Amid a fast-shifting luxury e-commerce landscape, it appears the stakes have only risen for players involved in the deal — adding a new layer of urgency that things go off without a hitch.
The Net-a-Porter Website.
Farfetch announced it would acquire a 47.5 percent stake in rival Yoox Net-a-Porter from luxury goods group Richemont. (Shutterstock)

It’s been seven months since Farfetch announced it would acquire a 47.5 percent stake in rival Yoox Net-a-Porter from luxury goods group Richemont. The transaction is still on track to complete before the end of the year, a spokesperson for Farfetch told BoF. But amid a fast-shifting luxury e-commerce landscape, it appears the stakes have changed for the players involved — adding a new layer of urgency for things to go off without a hitch.

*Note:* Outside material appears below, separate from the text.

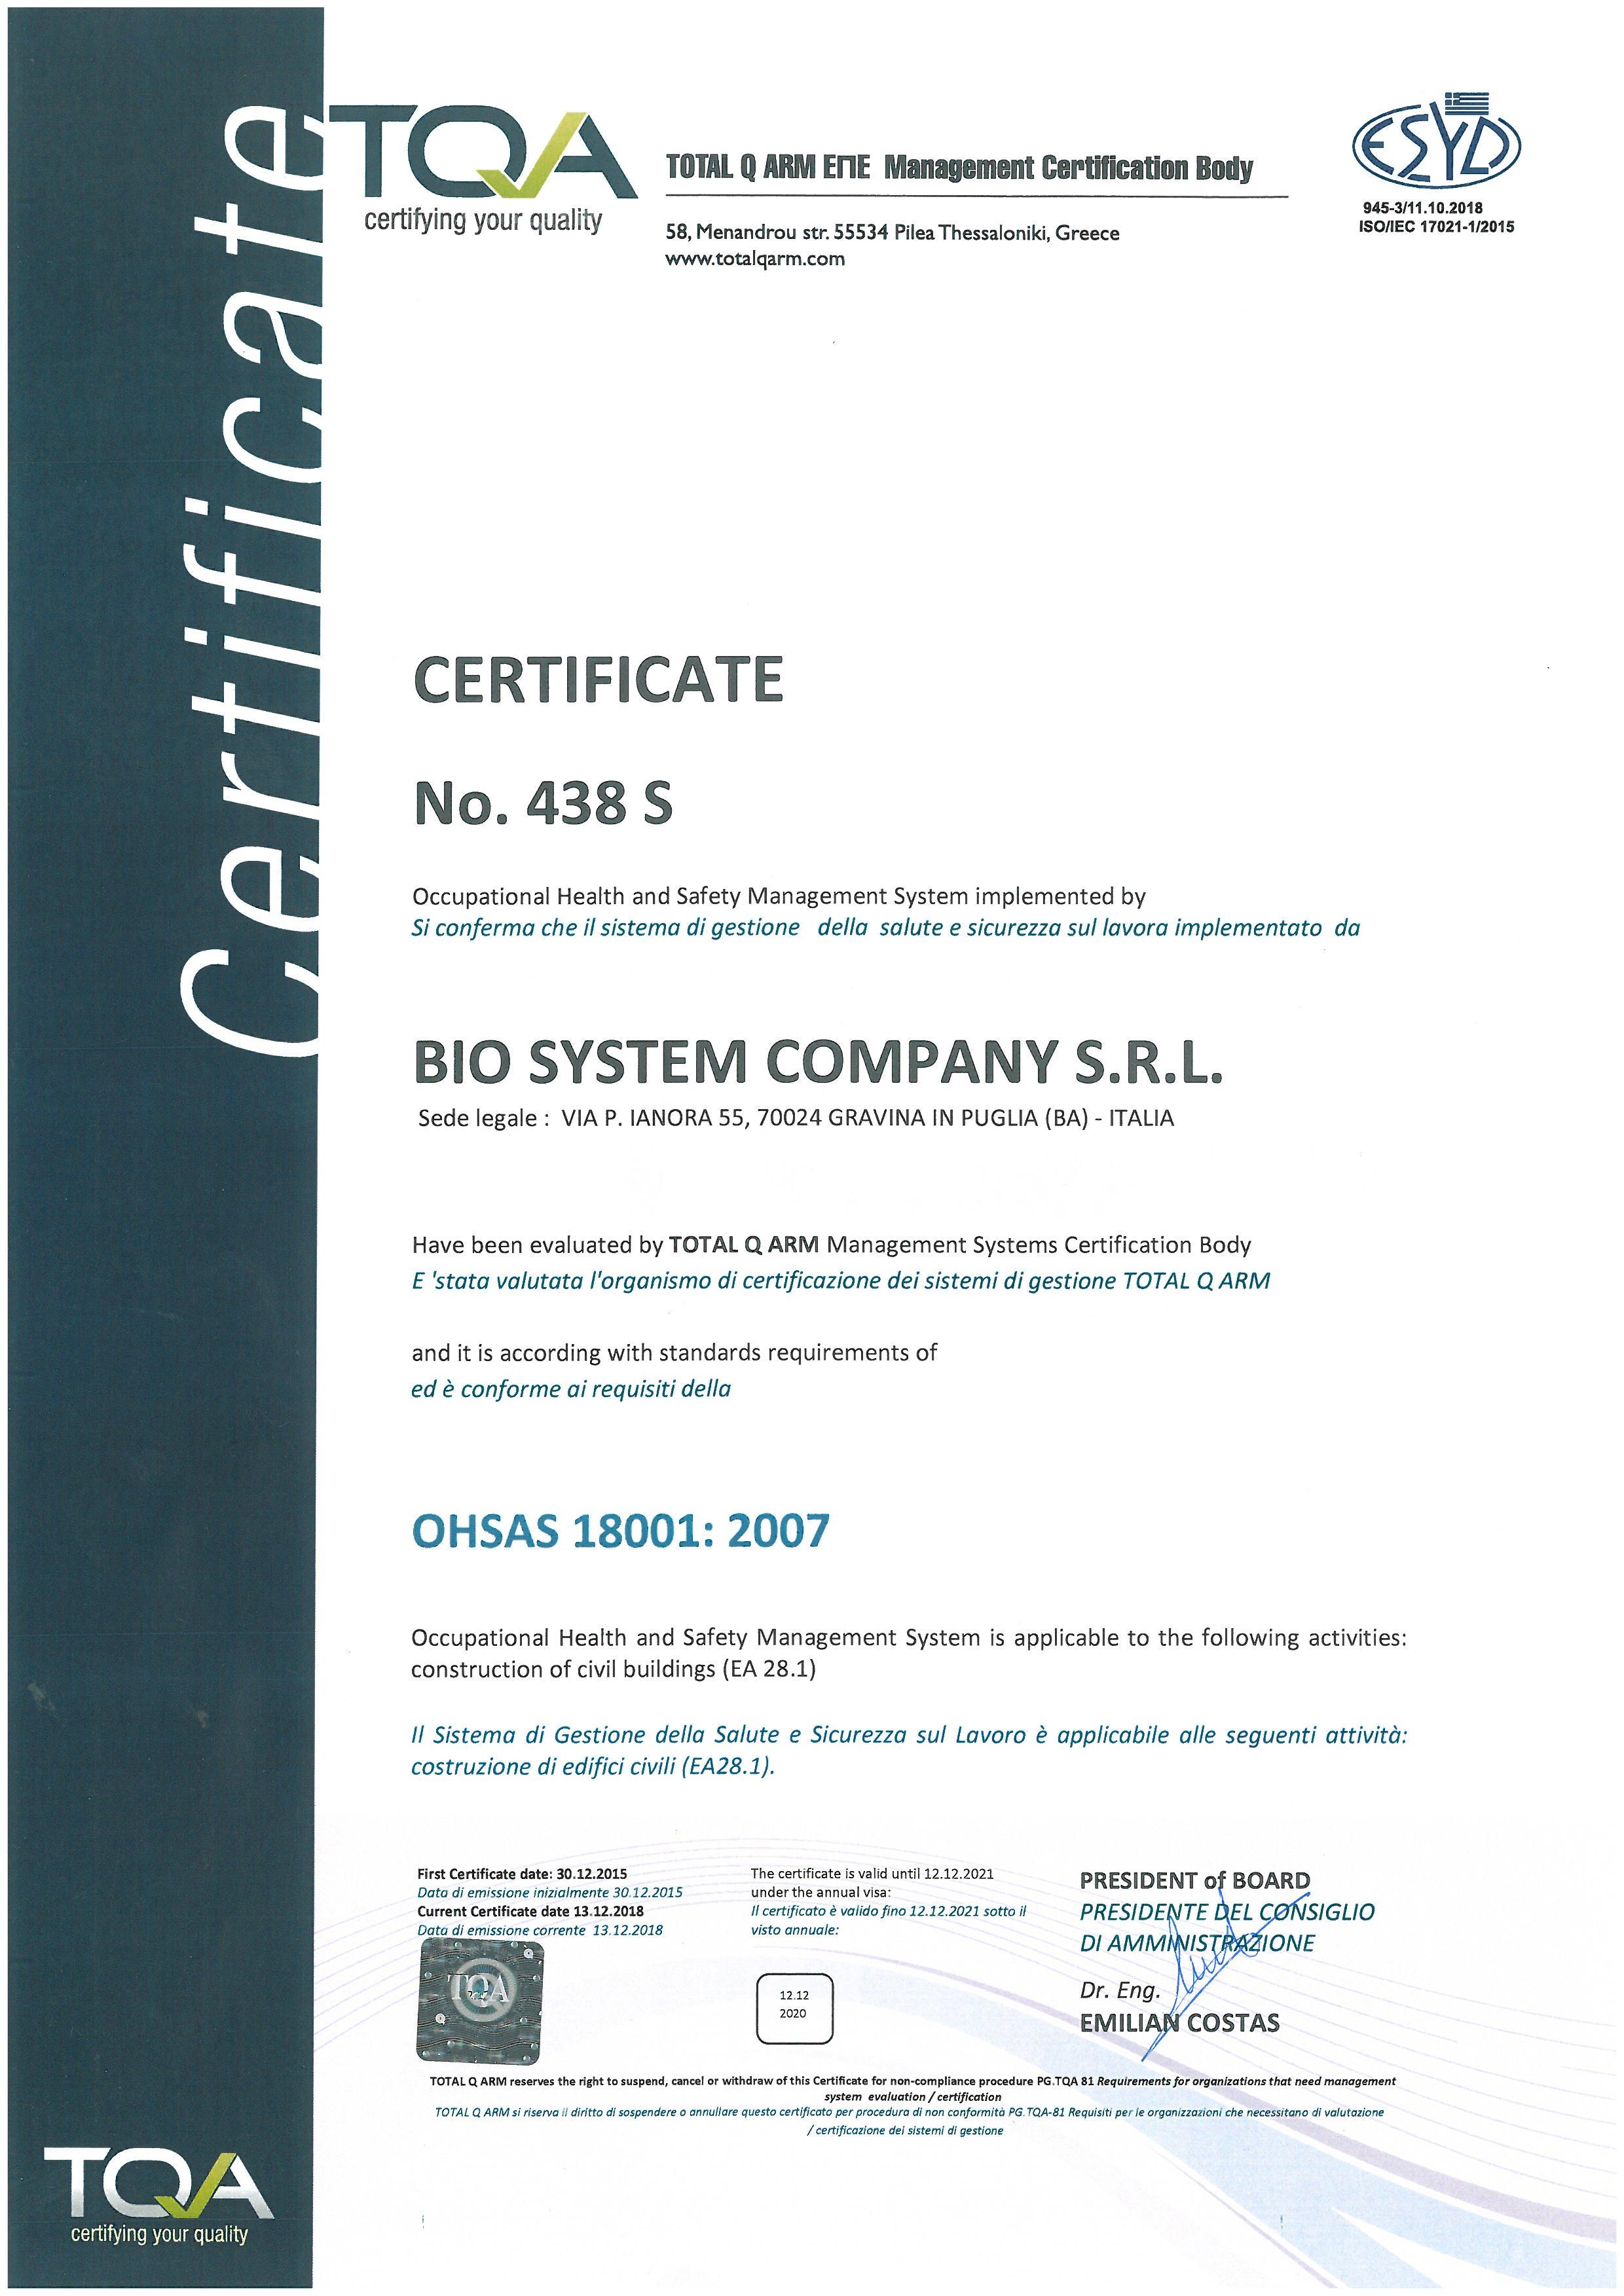 OHSAS 18001 jpeg

BoF breaks down what you need to know.

Where does the deal currently stand?

The complex deal announced in August is broken down into two stages, where, as a first step, Farfetch will acquire a 47.5 percent stake in YNAP from Richemont in exchange for company shares. Emirati business mogul Mohamed Alabbar will acquire a 3.2 percent stake, pushing Richemont’s own stake below 50 percent and leaving YNAP without a majority shareholder for the meantime. (The second phase of the deal lays out a path for Farfetch to acquire the rest of YNAP, but only if the loss-making company achieves profitability within three to five years.)

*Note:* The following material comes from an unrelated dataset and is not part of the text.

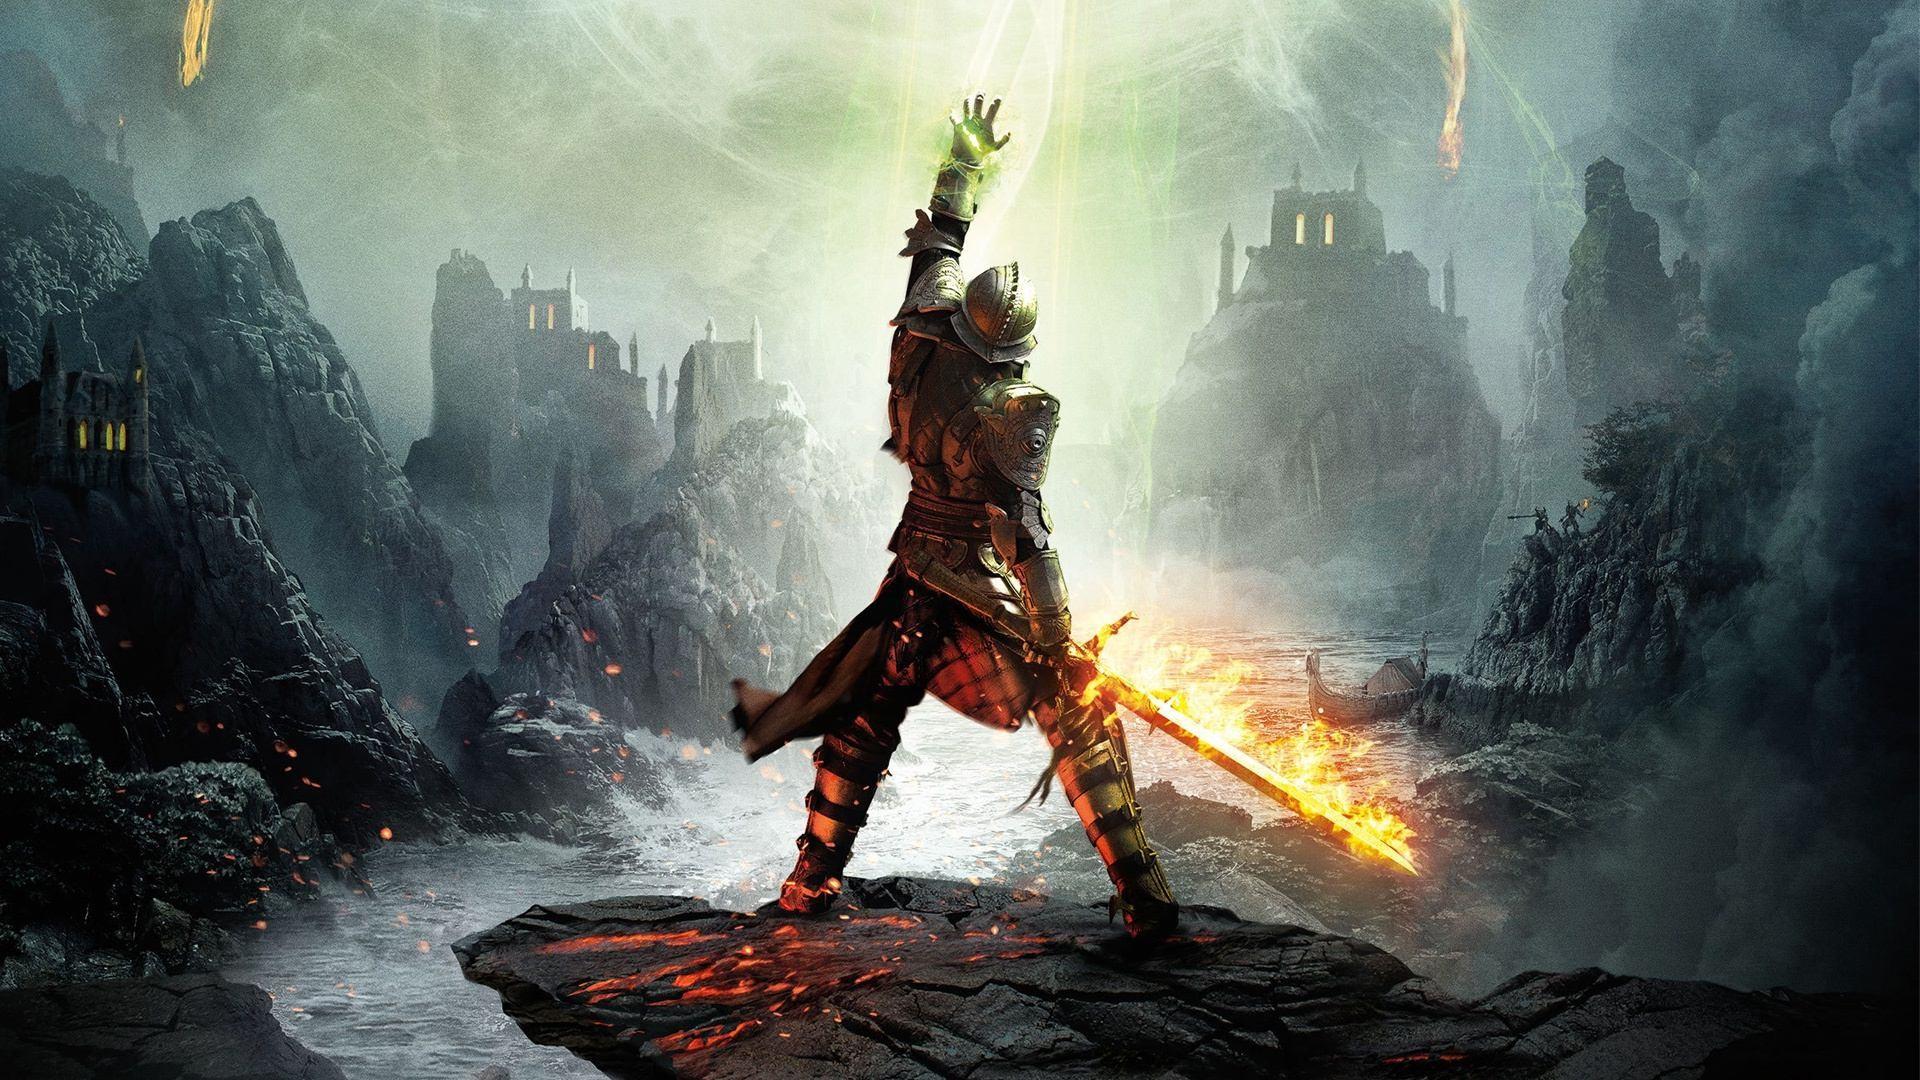 Wallpaper dragon age inquisition, warrior, dragon age, armor,  sword

Currently, the first phase of the deal is going through regulatory approvals, with antitrust bodies investigating whether the transaction would hinder market competition — a standard procedure for companies of this size. Last month, it got the green light from UK watchdog The Competition and Markets Authority. But it could still be several months before all the necessary approvals are secured.

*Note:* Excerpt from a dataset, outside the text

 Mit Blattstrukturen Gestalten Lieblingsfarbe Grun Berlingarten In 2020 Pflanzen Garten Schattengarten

Where does this leave Richemont and Farfetch?

For Richemont, which is itching to get the loss-making e-tailer YNAP off its balance sheet, things have already started to look up. Until the deal is fully complete YNAP is expected to continue to drag on company results, Bernstein analyst Luca Solca said in a November note. Nevertheless, since the deal was announced, investor confidence in Richemont soared: over the past six months, the company’s share price has gained almost 60 percent.

The picture at Farfetch is more gloomy. Despite the broader luxury spending boom, company performance has lagged, with Farfetch struggling to navigate the consumer return to physical stores; challenges in Russia and China have also taken a toll. Since the deal announcement in August, Farfetch’s stock has plummeted, hitting an all time low in December after a strategy presentation to investors failed to assuage investor concerns the company had a plan to address persistent losses and its first drop in sales. Farfetch’s stock remains close to those levels now, falling about 75 percent over the last year.

“We believe this is the bitterest disappointment for investors willing to believe in the ‘Uber of luxury distribution’ vision presented at the IPO,” Solca wrote in a December note to clients following the event.

An executive shakeup earlier this year only added to the turbulence: In January, chief brand officer Holli Rogers and chief growth officer Martin Avetisyan exited the business, while CFO Elliot Jordan is set to step down by the end of the year.

In the three months through December, year-on-year sales at Farfetch declined for the second consecutive quarter, with gross merchandise value — a measure of goods primarily sold through its online marketplace — down almost 12 percent, and revenue falling 5 percent.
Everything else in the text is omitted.